* _YOUR OBJECTIVE_: Reproduce the data in full, exactly as given, leaving images out.

* _DATA SECTION_:

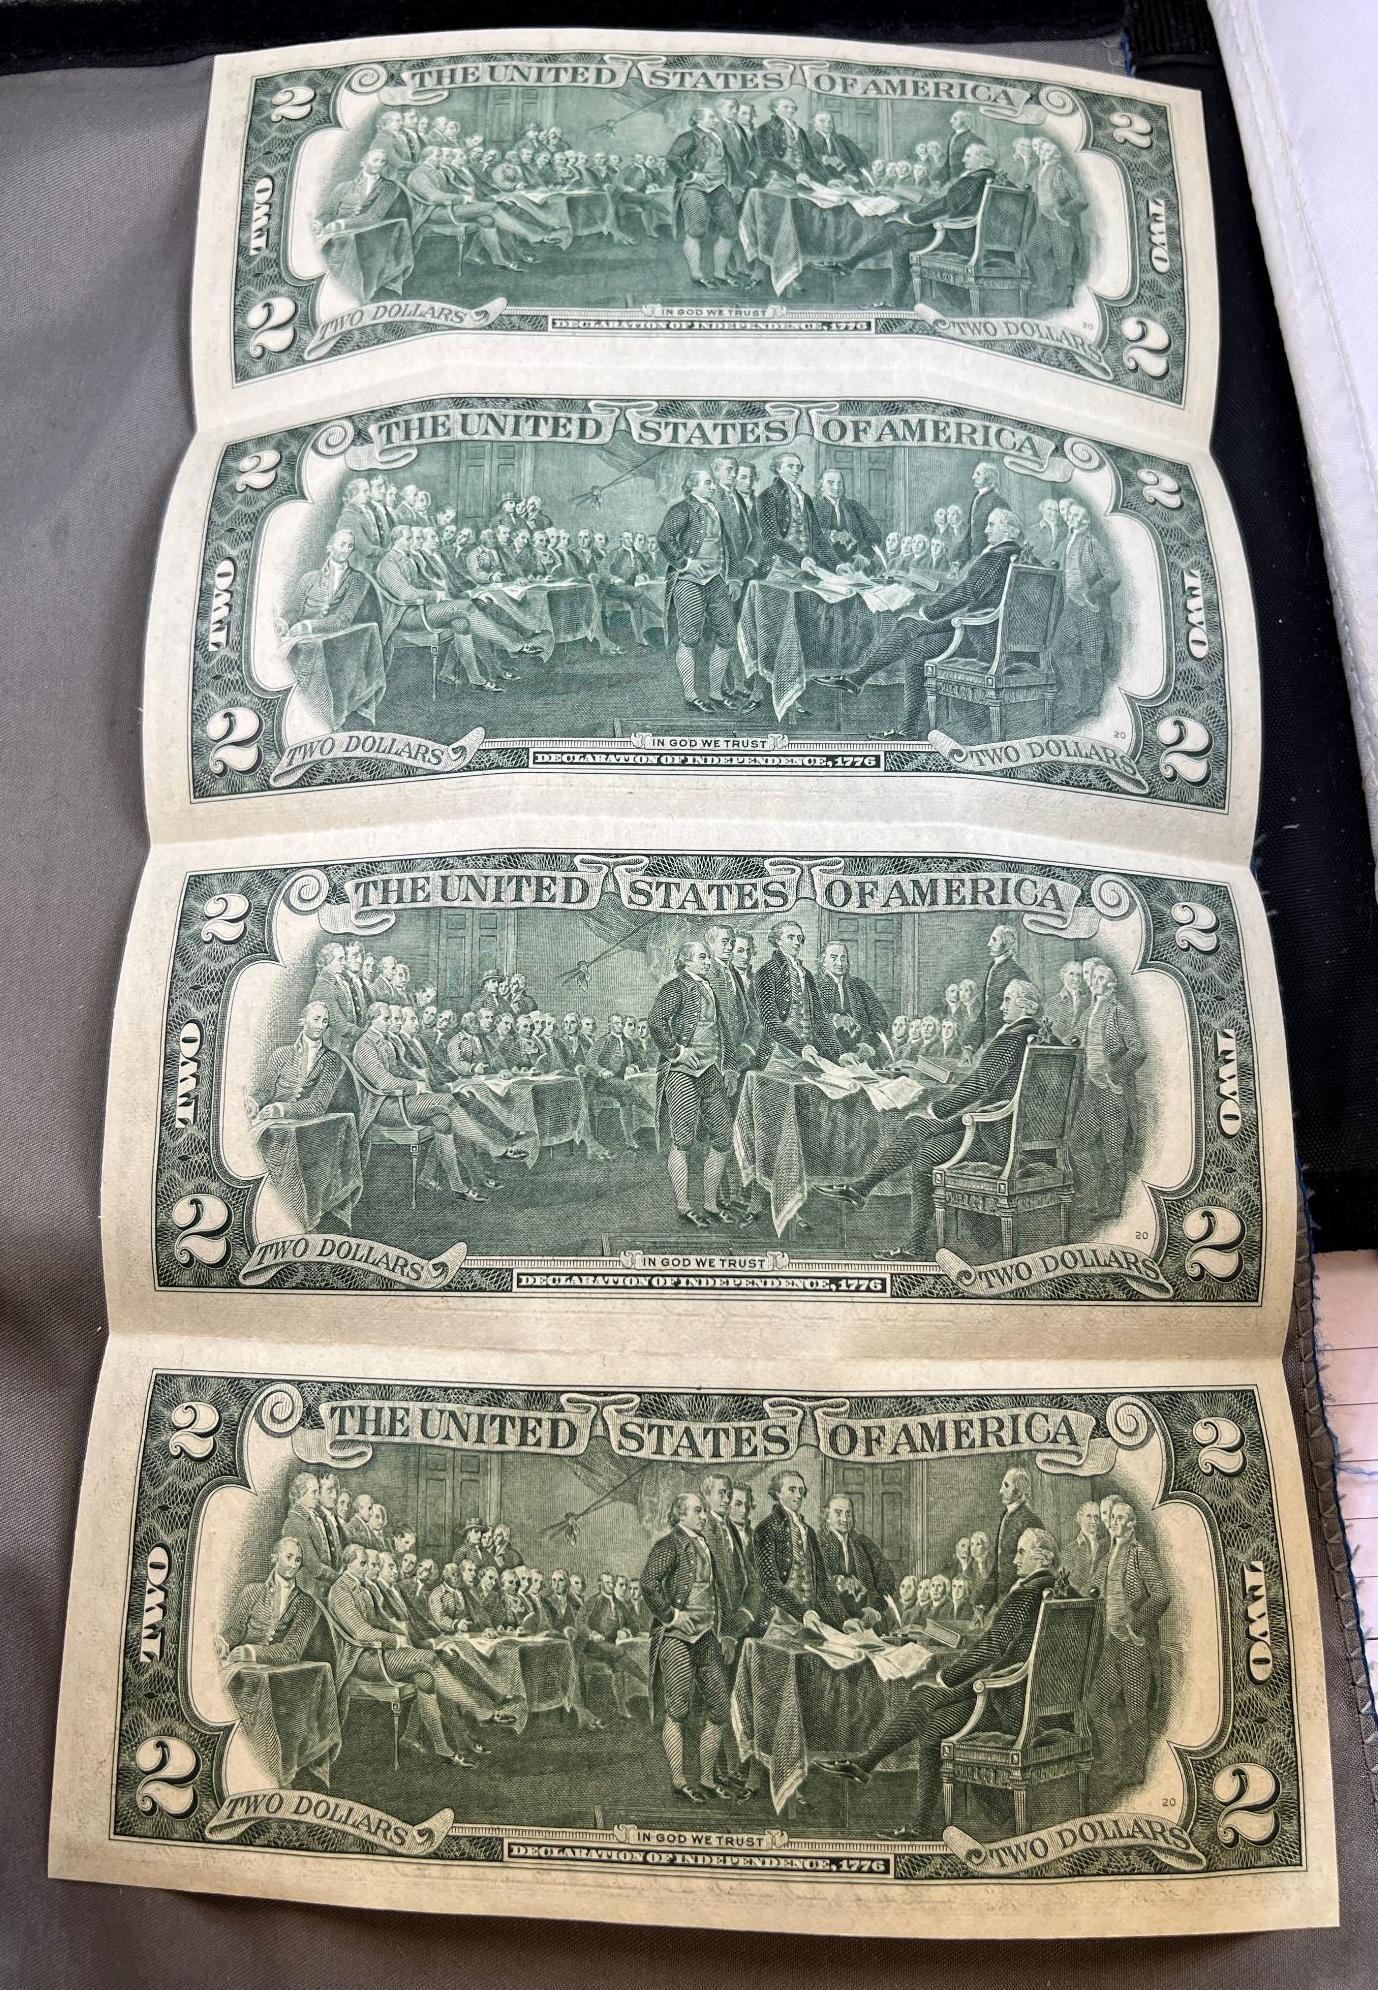 Uncut sheet of 4- 1976 $2.00 Federal Reserve STAR notes, this had been folded, but UNC
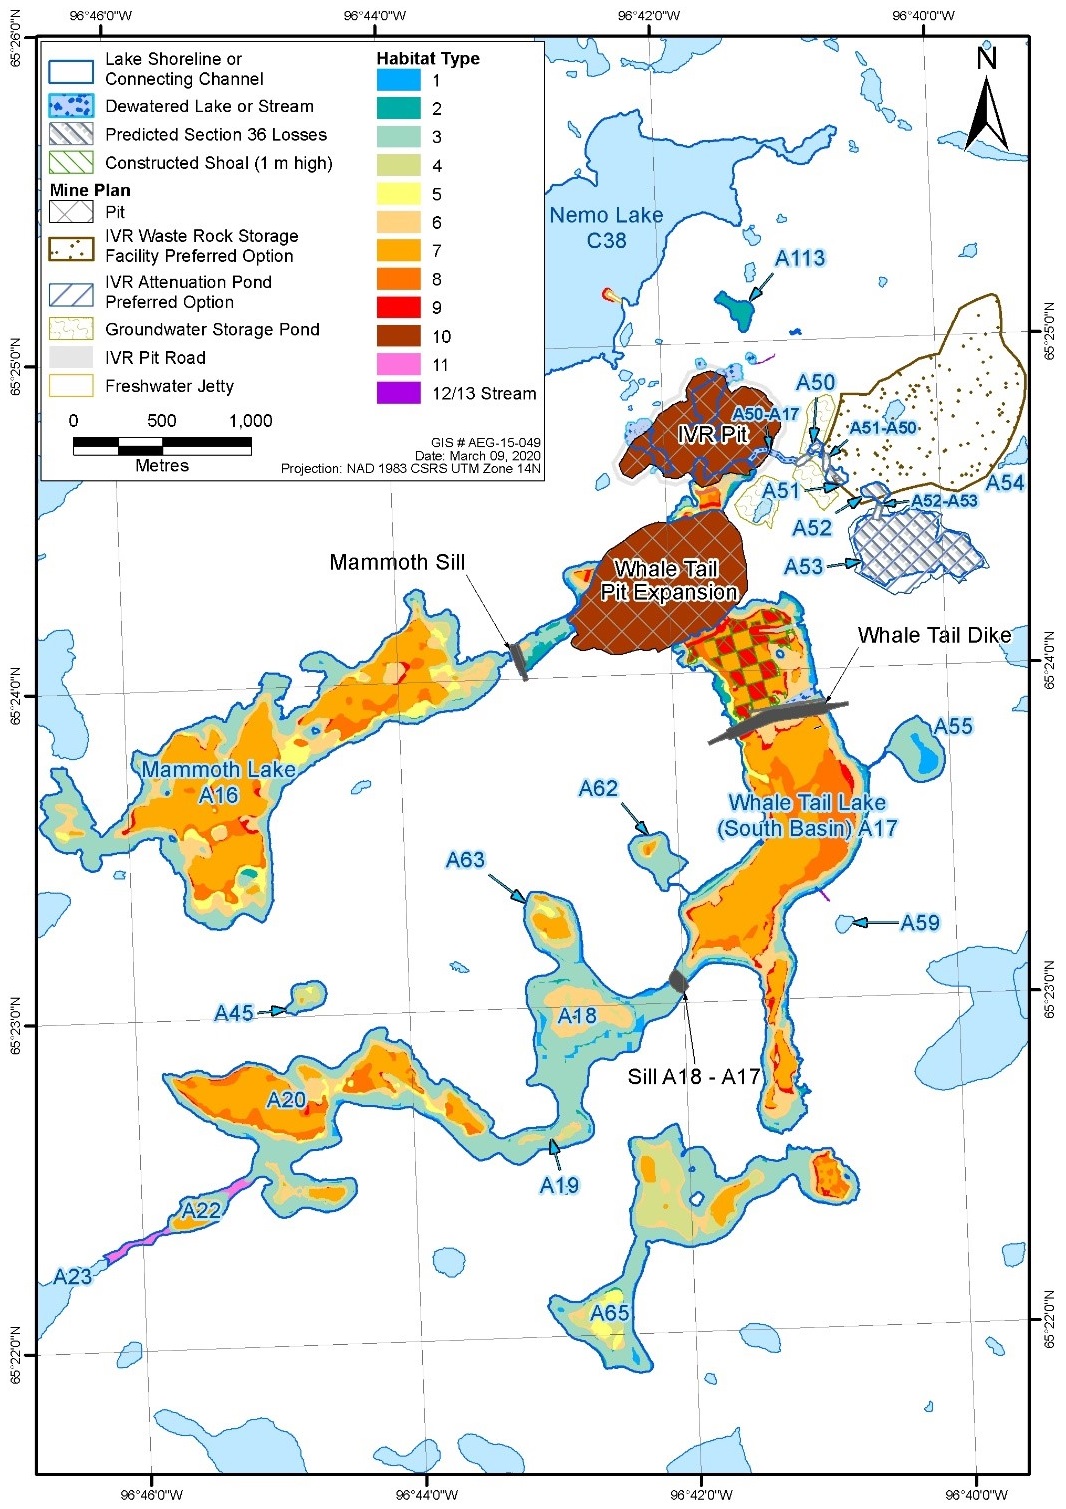 The location of the sill at the project site in Nunavut as part of the plan to offset the loss of fish habitat - Description below
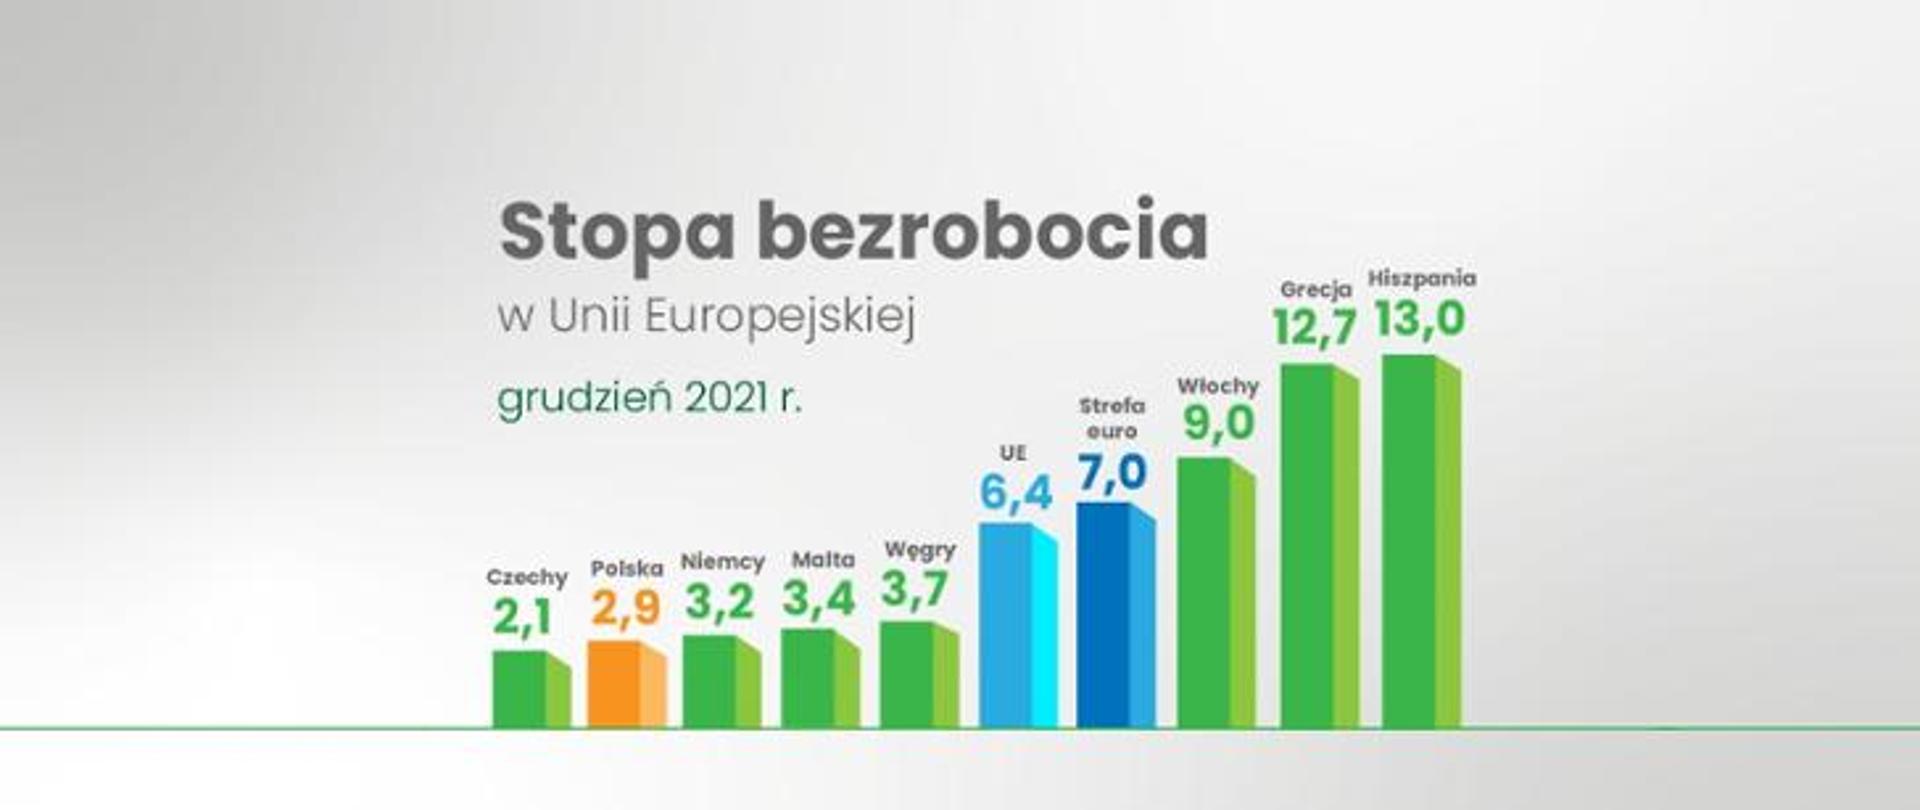 Eurostat - Poland in second place with the lowest unemployment in the European Union

* _ANSWER_:
 Uncut sheet of 4- 1976 $2.00 Federal Reserve STAR notes, this had been folded, but UNC
 The location of the sill at the project site in Nunavut as part of the plan to offset the loss of fish habitat - Description below
 Eurostat - Poland in second place with the lowest unemployment in the European Union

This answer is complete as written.